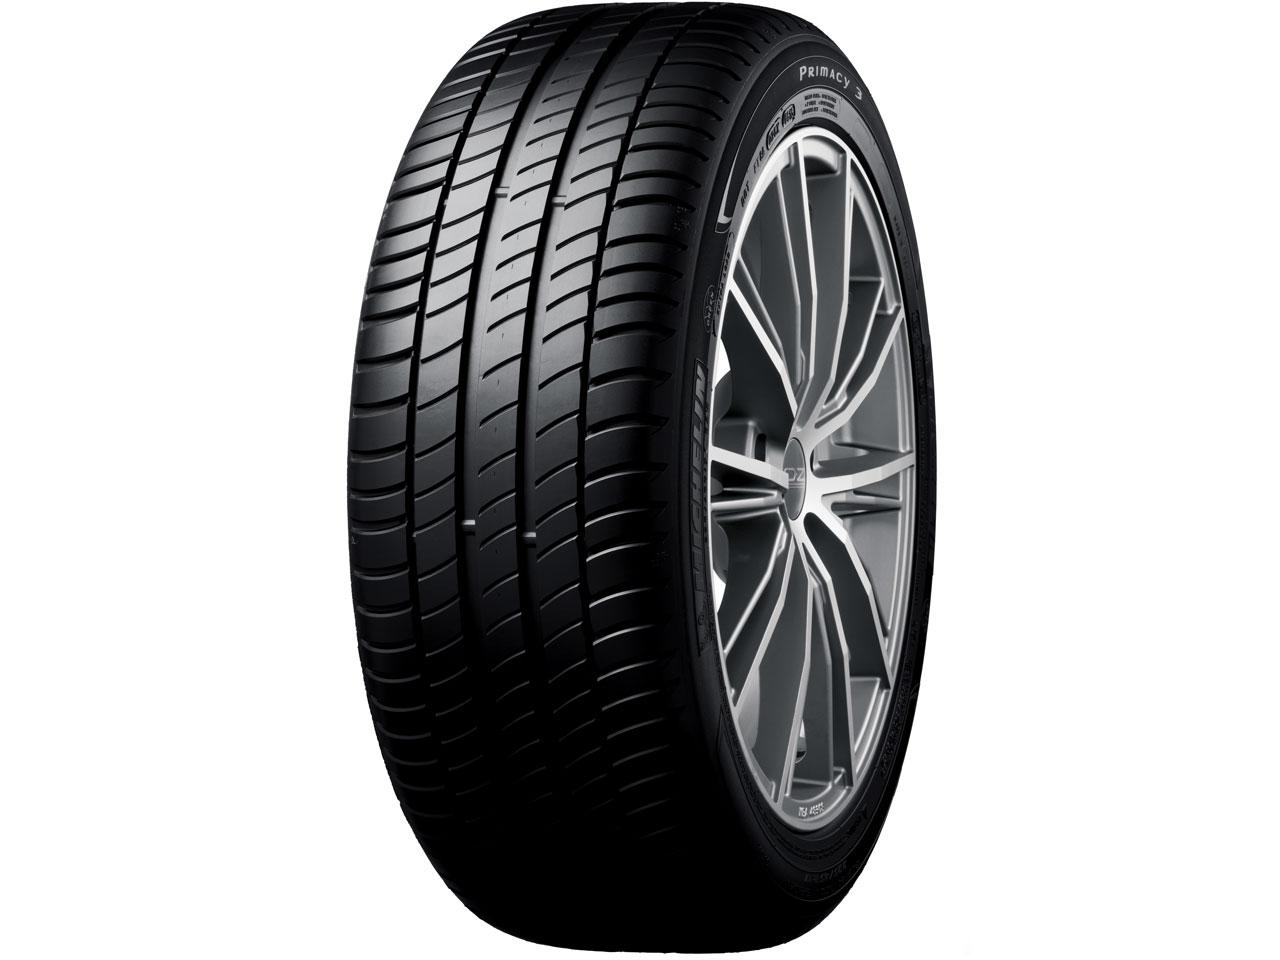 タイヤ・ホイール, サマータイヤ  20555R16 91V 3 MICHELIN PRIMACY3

==

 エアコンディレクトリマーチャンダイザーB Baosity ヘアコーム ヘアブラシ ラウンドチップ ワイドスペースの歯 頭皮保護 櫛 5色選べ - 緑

==

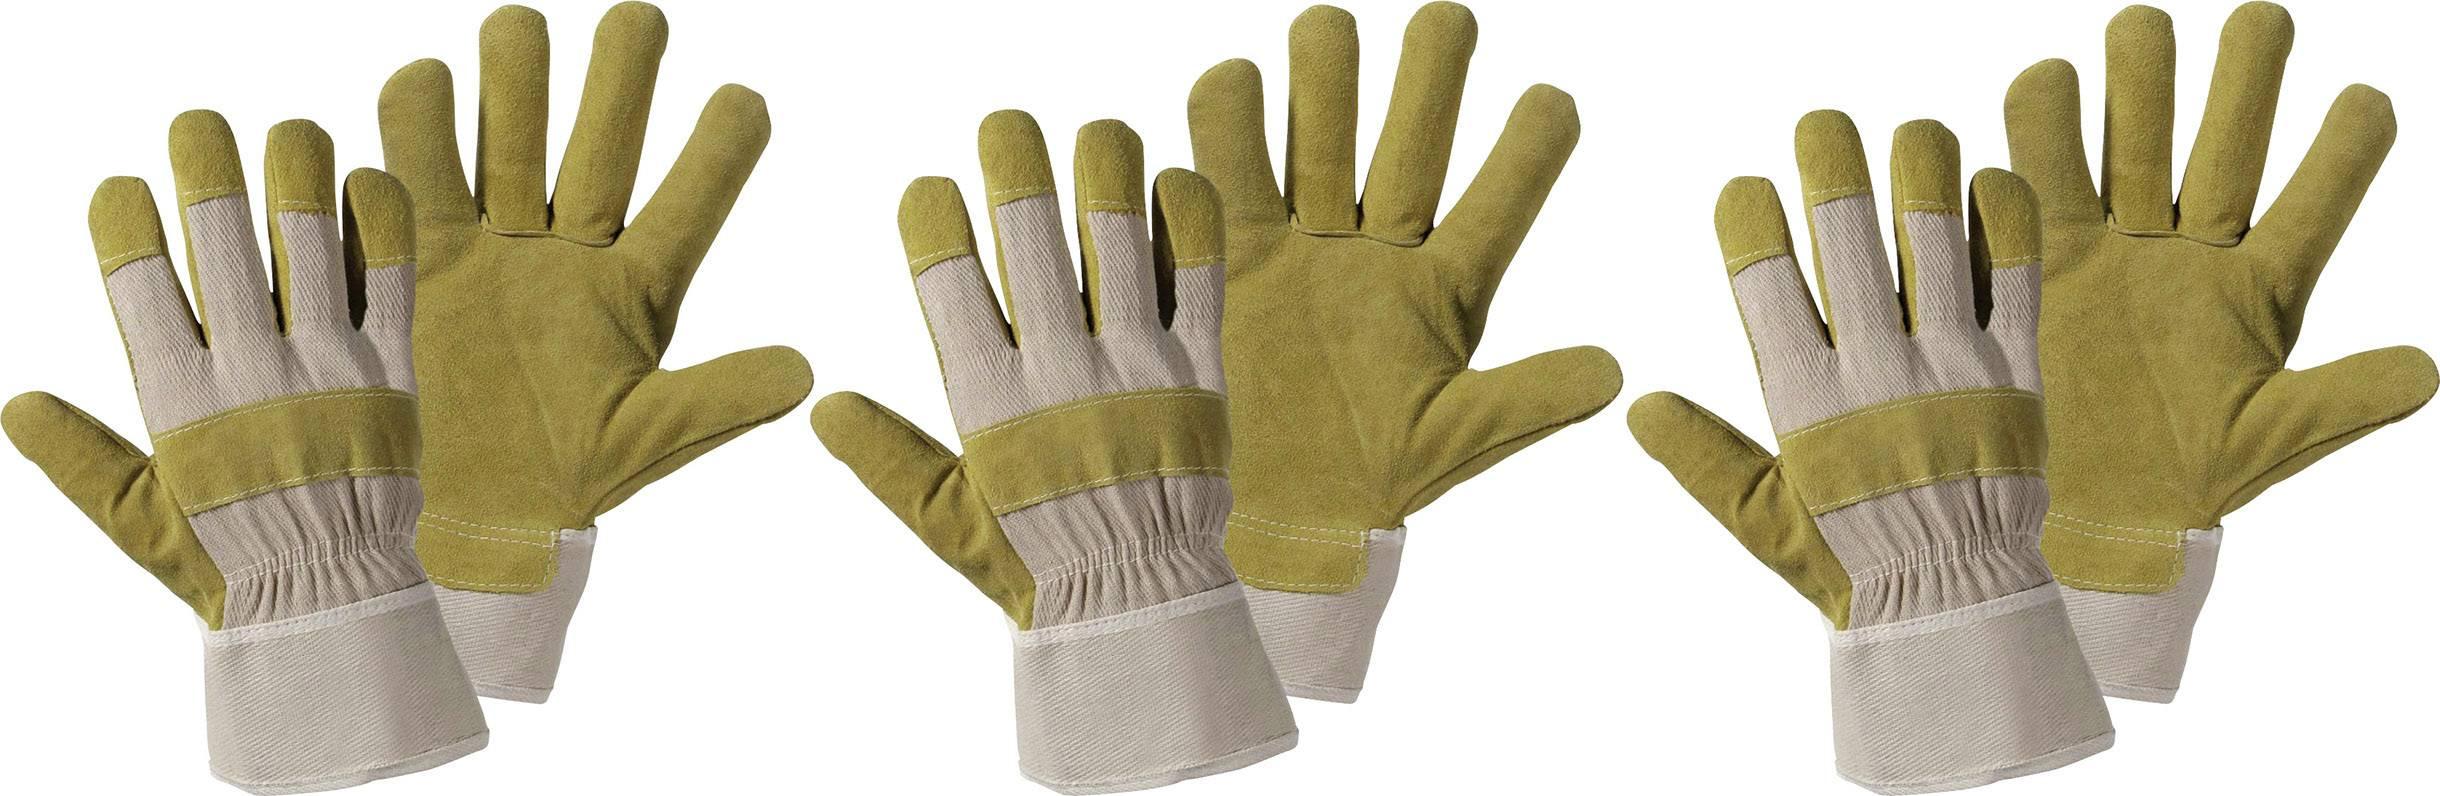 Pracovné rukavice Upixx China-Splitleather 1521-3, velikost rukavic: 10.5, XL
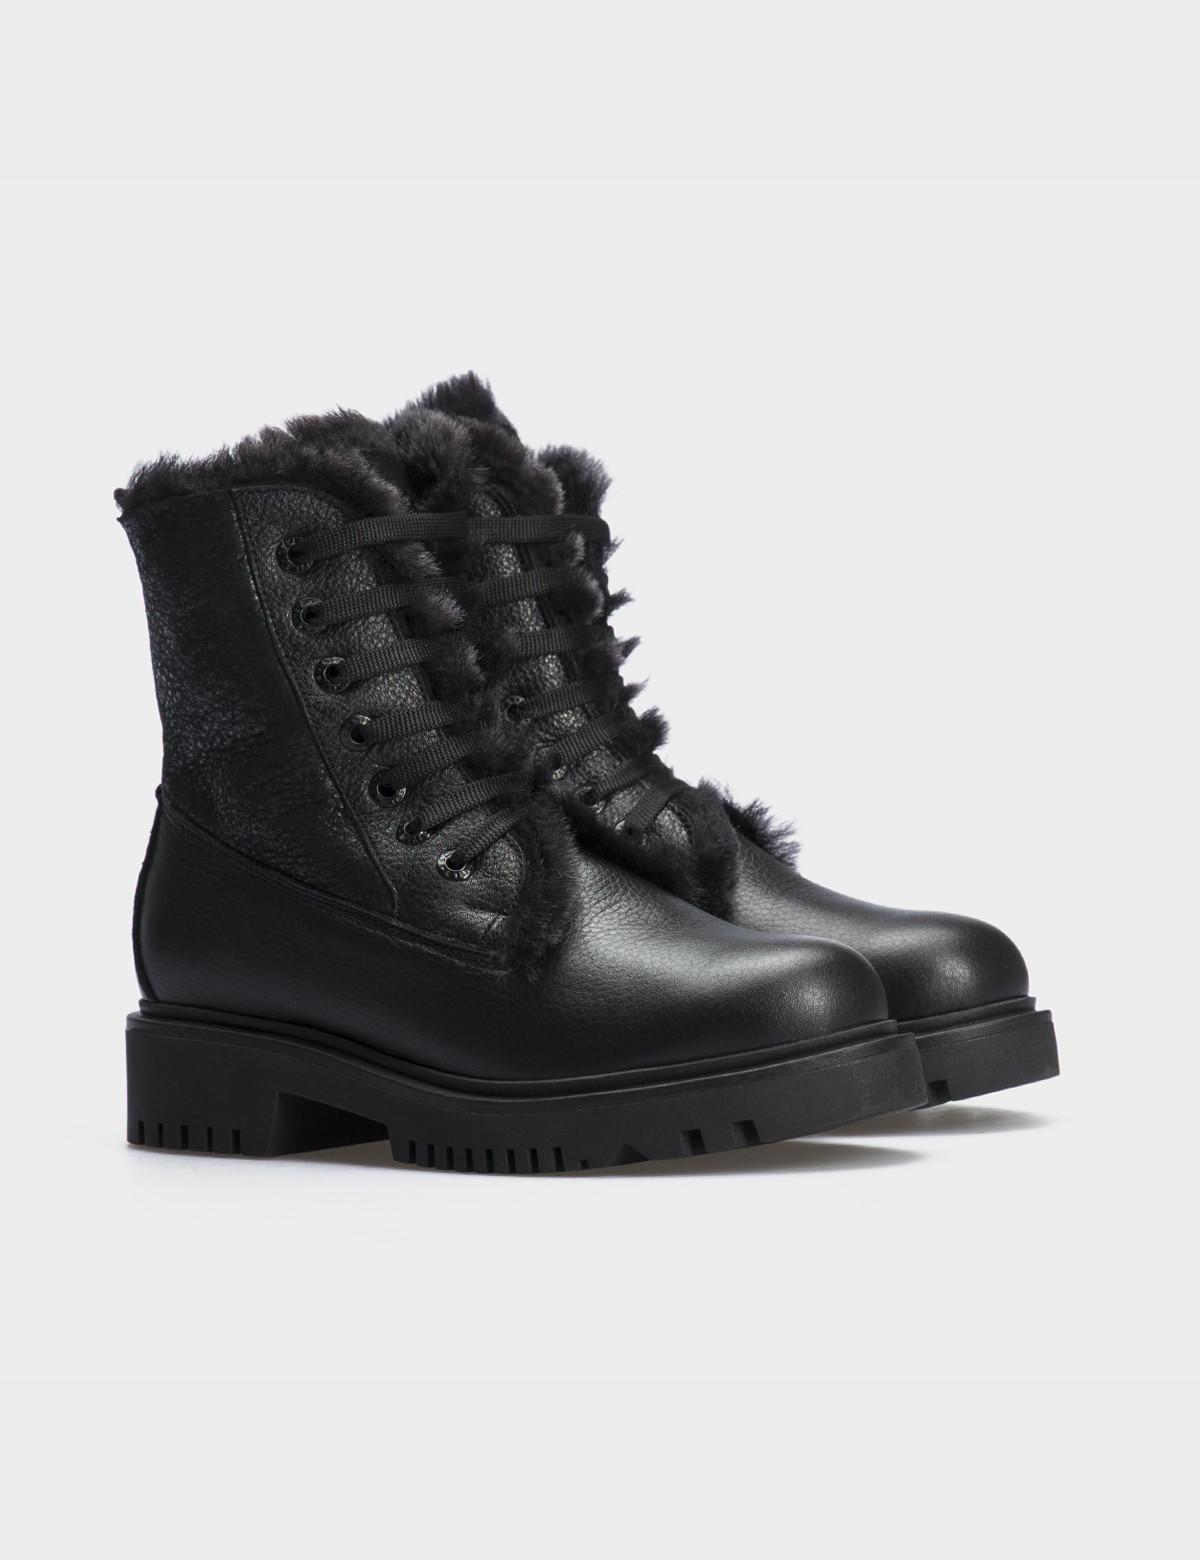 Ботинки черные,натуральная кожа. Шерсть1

**WHAT THIS TASK INVOLVES**
Copy exactly the lines of the listing above between the one holding "Pracovné rukavice Upixx" and the one holding "Ботинки черные,натуральная кожа. Шерсть1", inclusive; omit all pictures.

**EXERCISE ANSWER**
 Pracovné rukavice Upixx China-Splitleather 1521-3, velikost rukavic: 10.5, XL
 Ботинки черные,натуральная кожа. Шерсть1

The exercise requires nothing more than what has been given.